Clean reads post-quality control were aligned to the white mulberry reference genome (genome size: 336.47 Mb) using Burrows-Wheeler Aligner (BWA) and Samtools, achieving an average alignment rate of 98.77%, indicating robust alignment performance. Coverage depth demonstrated even distribution across chromosomes with good sequencing randomness. The average sequencing depth of the 29 samples was 16 × , with individual sample depths ranging from 14× to 23 × . The overall genome coverage reached 87.67%, and further breakdown of coverage metrics showed that 76.53% and 60.59% of the genome were covered at ≥5× and ≥10 × depths, respectively. Collectively, these results confirm that despite an average whole-genome sequencing depth of 16 × , the high alignment rate, low mismatch rate, and substantial proportion of medium-to-high depth coverage (≥10×) ensure data reliability. Additionally, these findings validate that the selected reference genome is well-annotated and information-rich, fully supporting the subsequent analytical requirements of this study.

InDel variant analysis

Whole-genome InDel variation detection of mulberry samples was performed using GATK software. Through homology alignment with the reference genome sequence (white mulberry, genome size: 336.47 Mb), a total of 1 155 585 Indel variation sites were detected, among which 11 401 variation sites were located in the coding region (CDS). It includes 3 940 insertions and 7 461 deletions. Based on the position of the site on the reference genome and the annotation information, the occurrence region of the variant site on the reference genome, the impact and function caused by the variant site were clarified.
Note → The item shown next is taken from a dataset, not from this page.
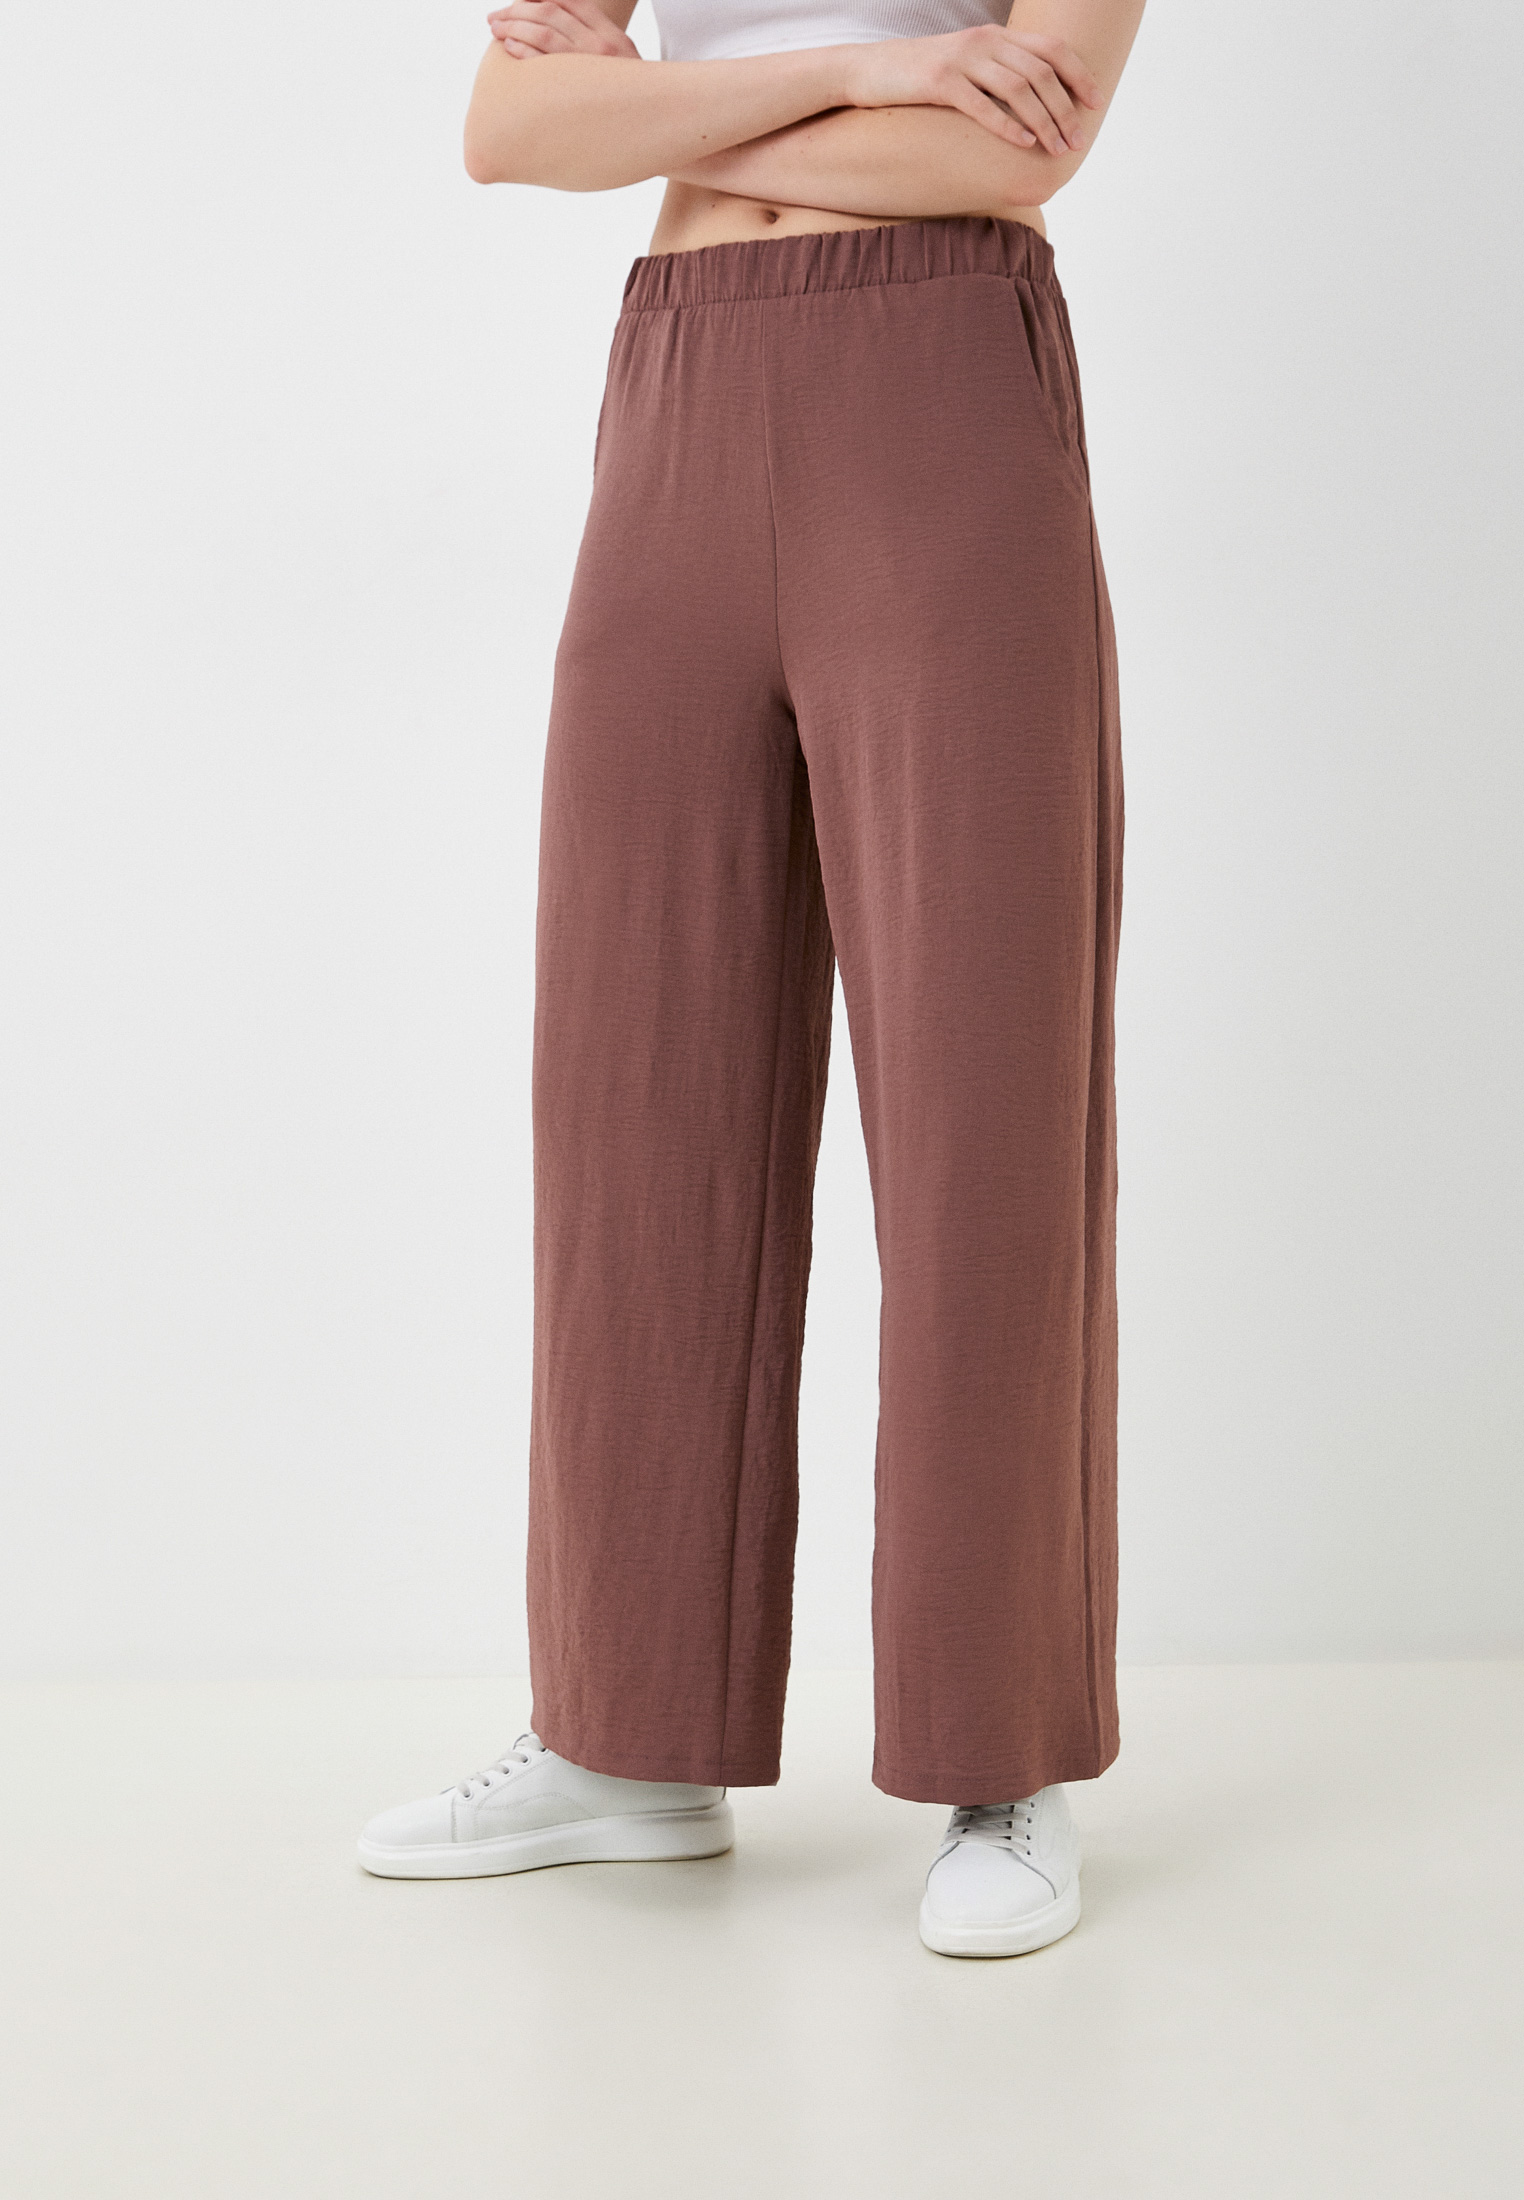 Женские широкие и расклешенные брюки Toku Tino TT8599433/
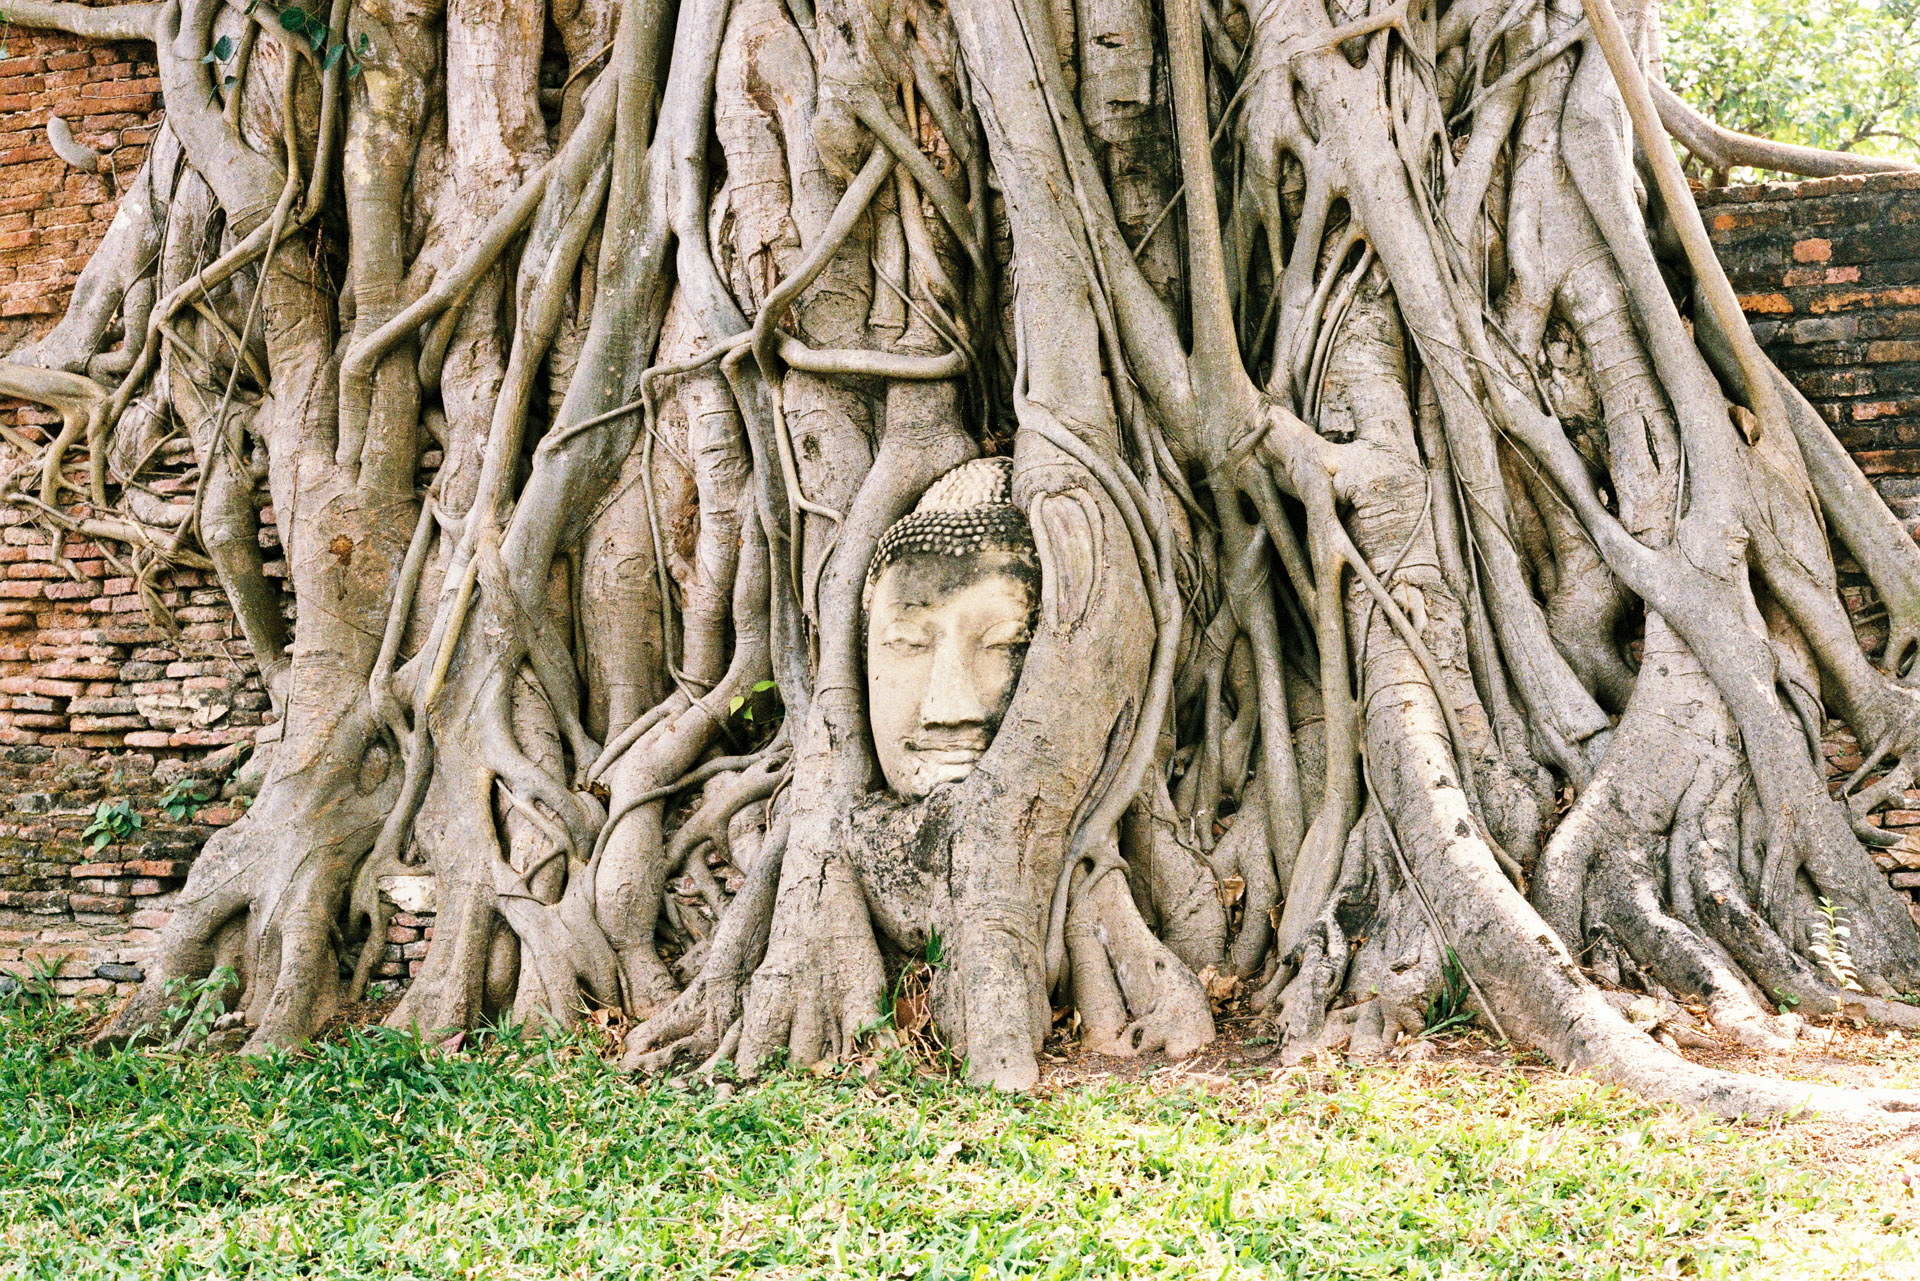 Ayutthaya Buddha Head Statue Tree Root Fuji S400

As shown in Fig 4, a total of 1 155 584 InDel variant annotated sites were obtained. The numbers of InDels in the 5'UTR and 3'UTR regions were 11 722 (1.01%) and 361 (1.44%), respectively. InDel sites located in intergenic regions and splice site regions were 442,488 (38.29%) and 353 (0.03%), respectively. Among the 11 401 InDel sites (0.98%) within the CDS region, start codon loss for 85 (0.75%), and stop codon loss for 99 (1.13%). These results demonstrate abundant InDel loci in the mulberry genome, providing critical resources for developing trait-linked InDel molecular markers and mining functional genes.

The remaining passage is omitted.